_Exercise instructions_.
All lines below between the line with "Kendall Jenner covers" and the line with "brown goat head", including both, must be copied exactly, and the pictures must be omitted.

_Study material_.
****
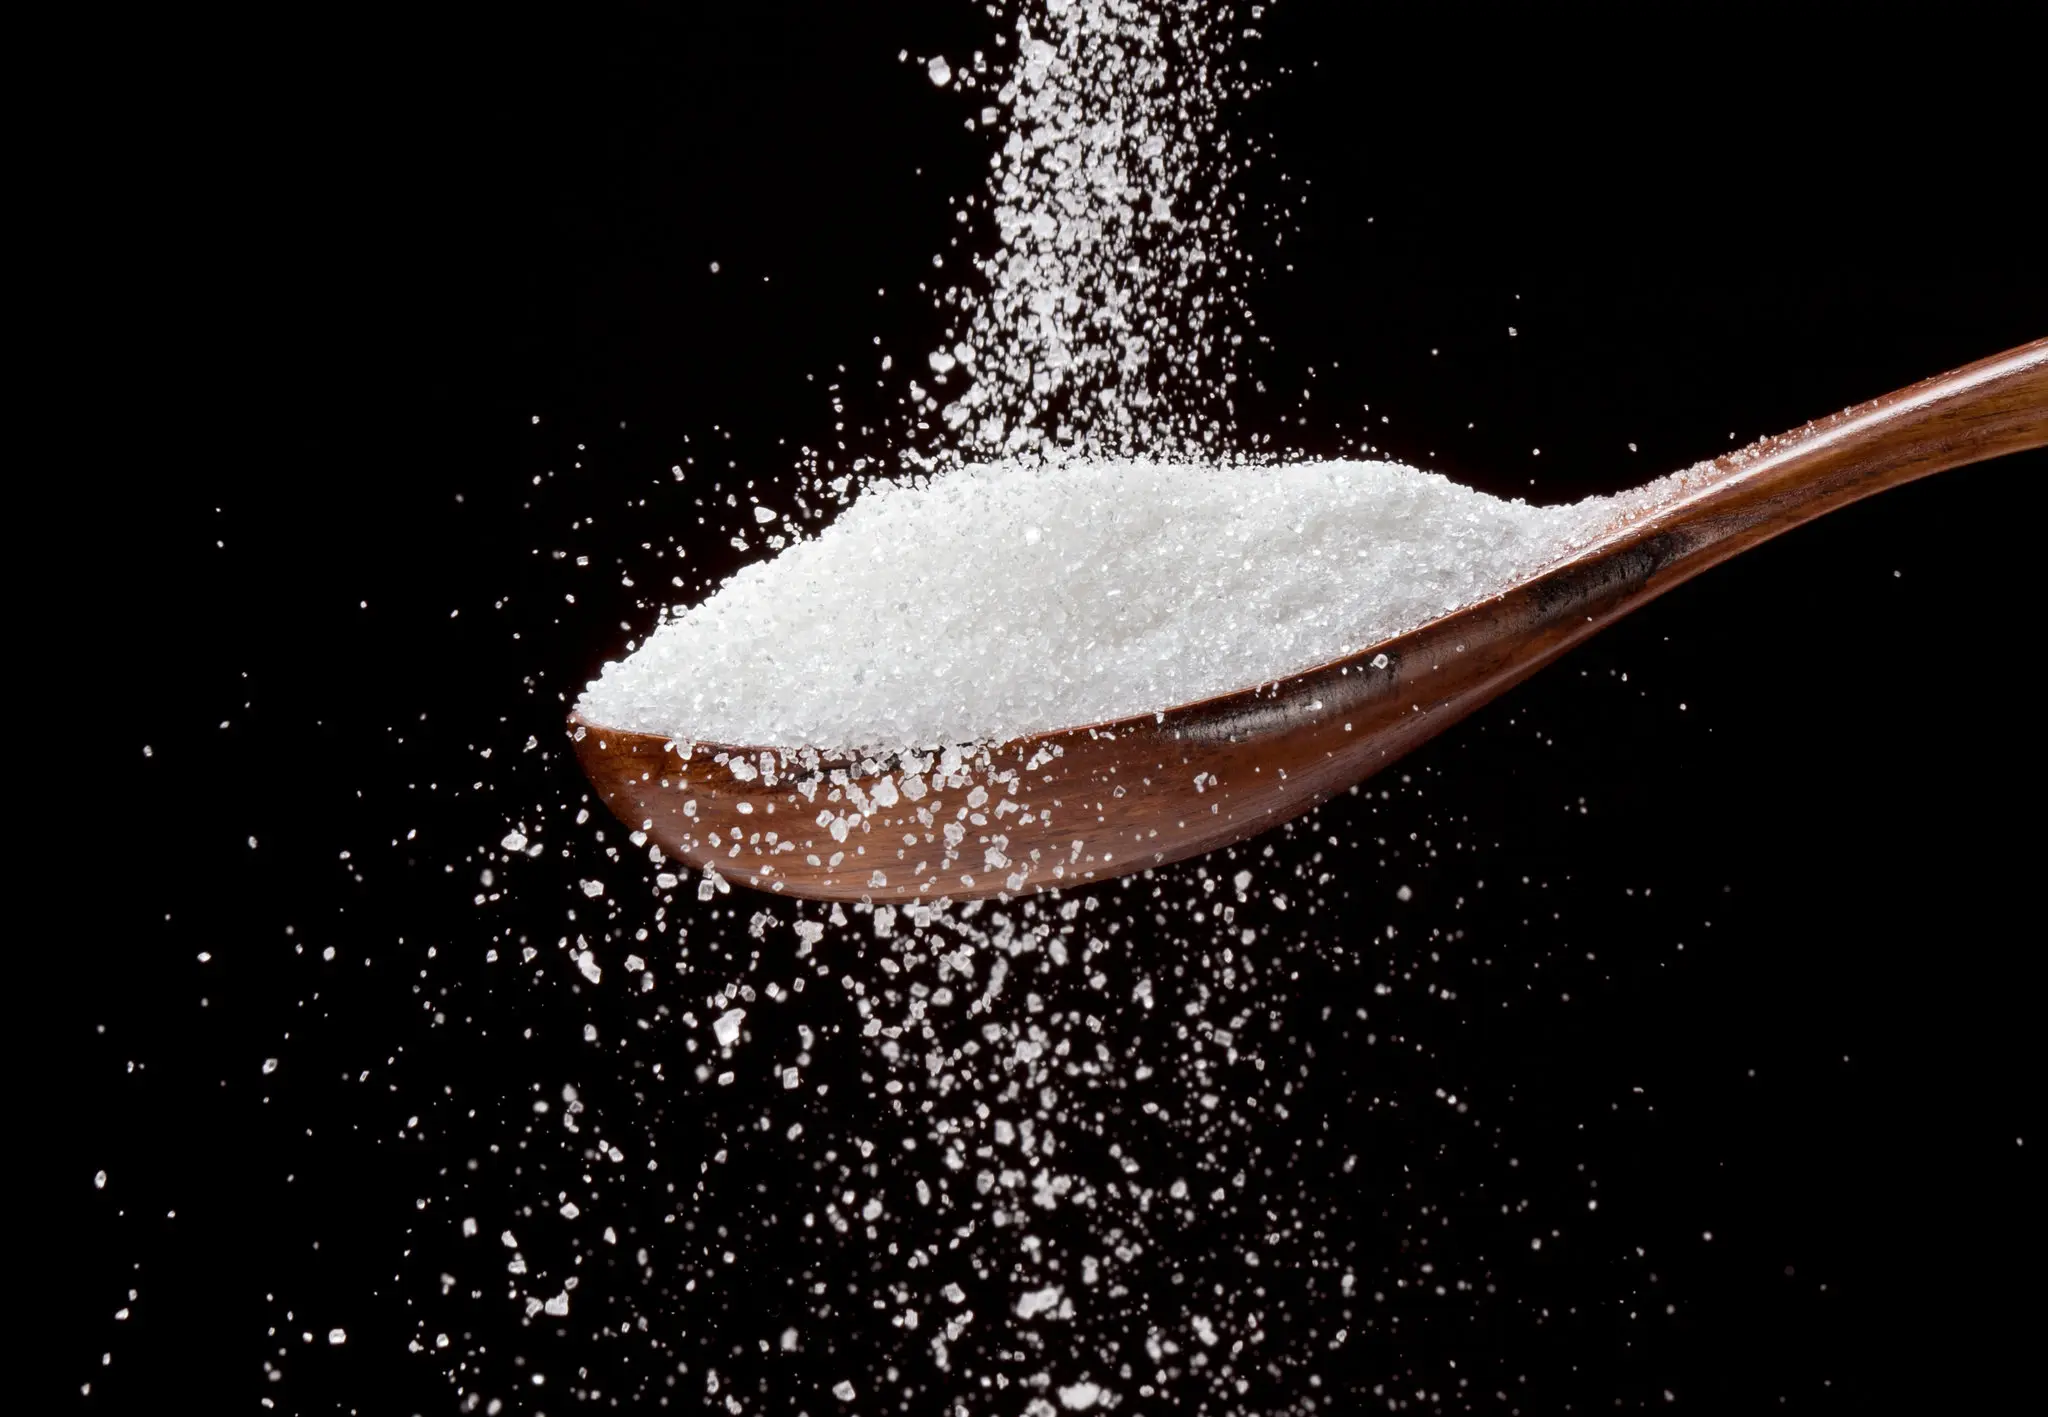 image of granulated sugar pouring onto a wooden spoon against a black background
****
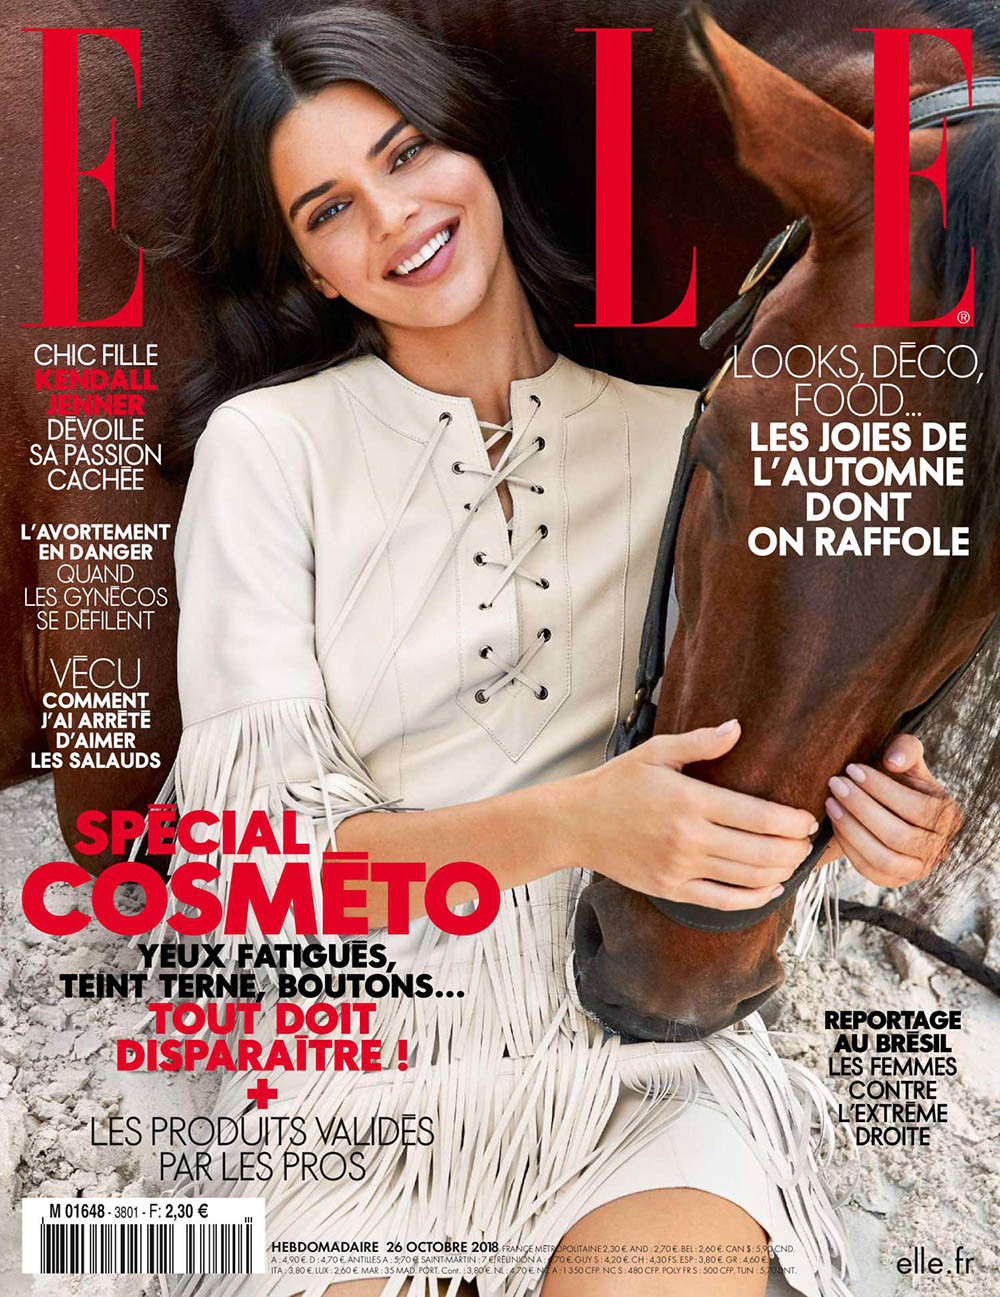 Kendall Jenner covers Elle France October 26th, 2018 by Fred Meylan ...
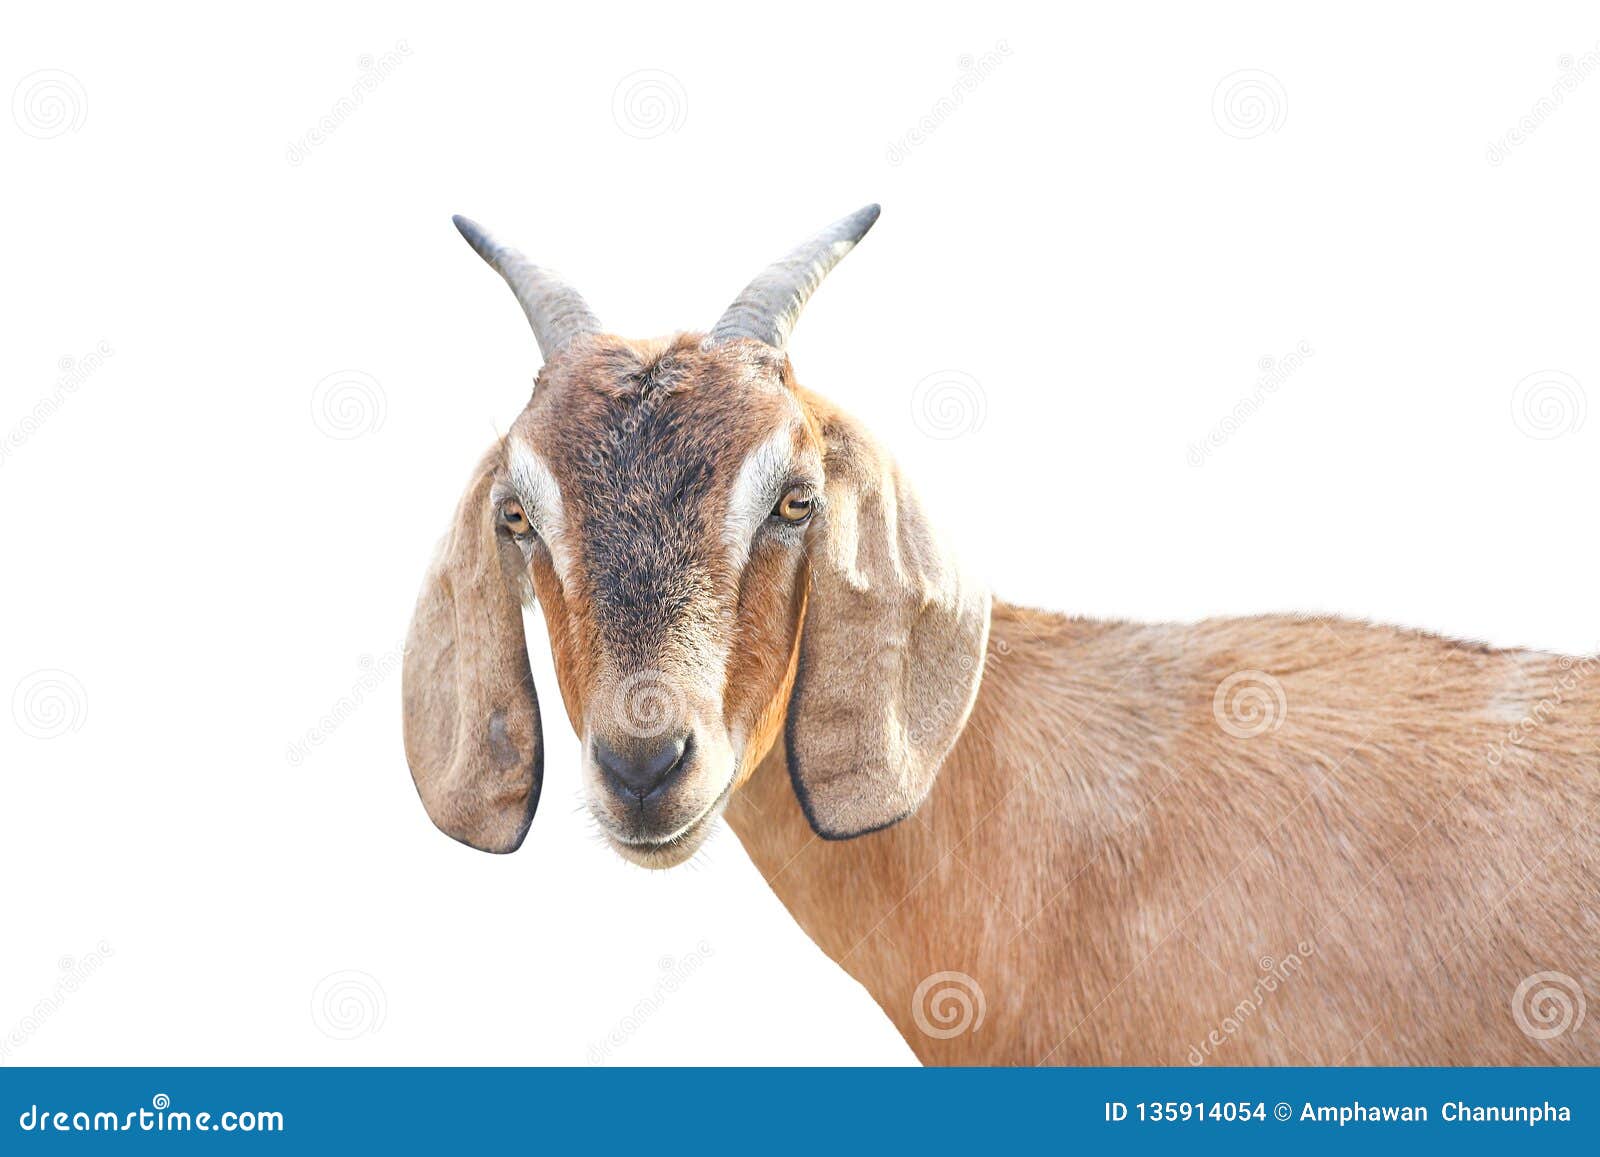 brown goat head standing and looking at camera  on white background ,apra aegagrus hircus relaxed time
****
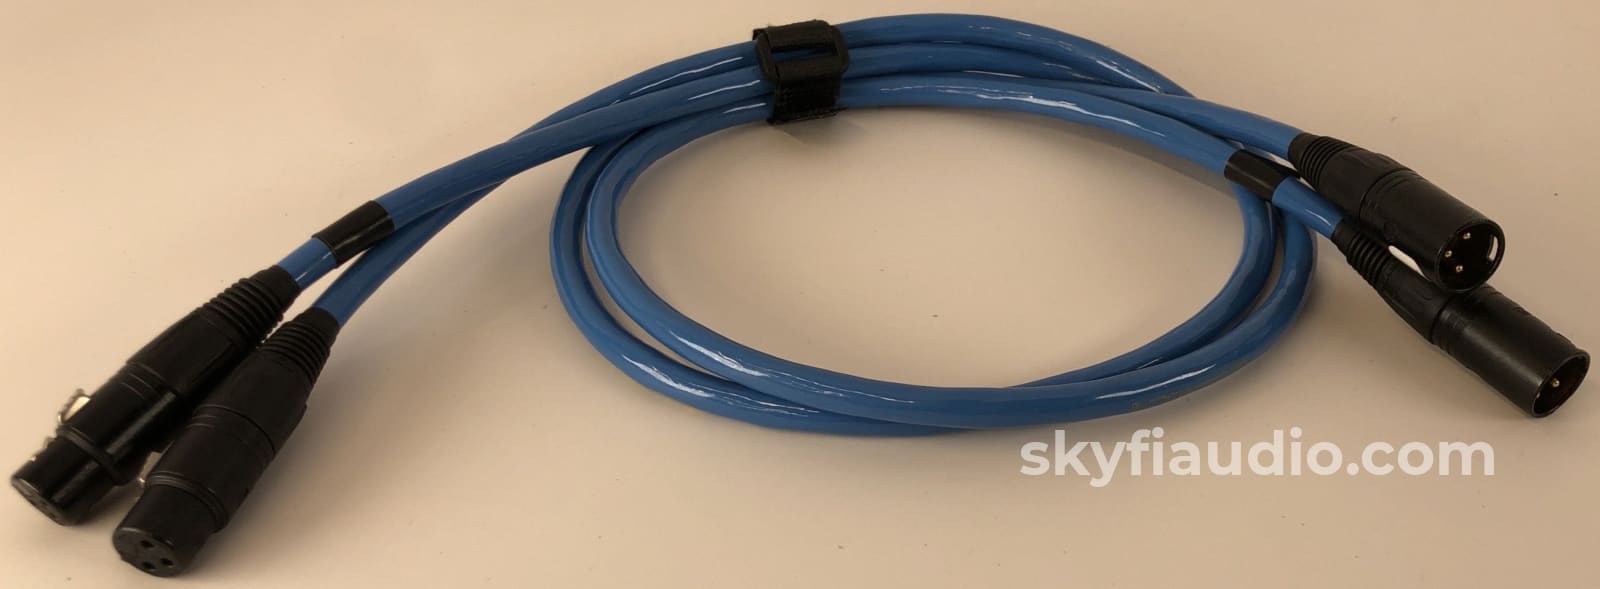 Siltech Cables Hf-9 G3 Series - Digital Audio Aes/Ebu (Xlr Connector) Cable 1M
****
_Written answer_.
 Kendall Jenner covers Elle France October 26th, 2018 by Fred Meylan ...
 brown goat head standing and looking at camera  on white background ,apra aegagrus hircus relaxed time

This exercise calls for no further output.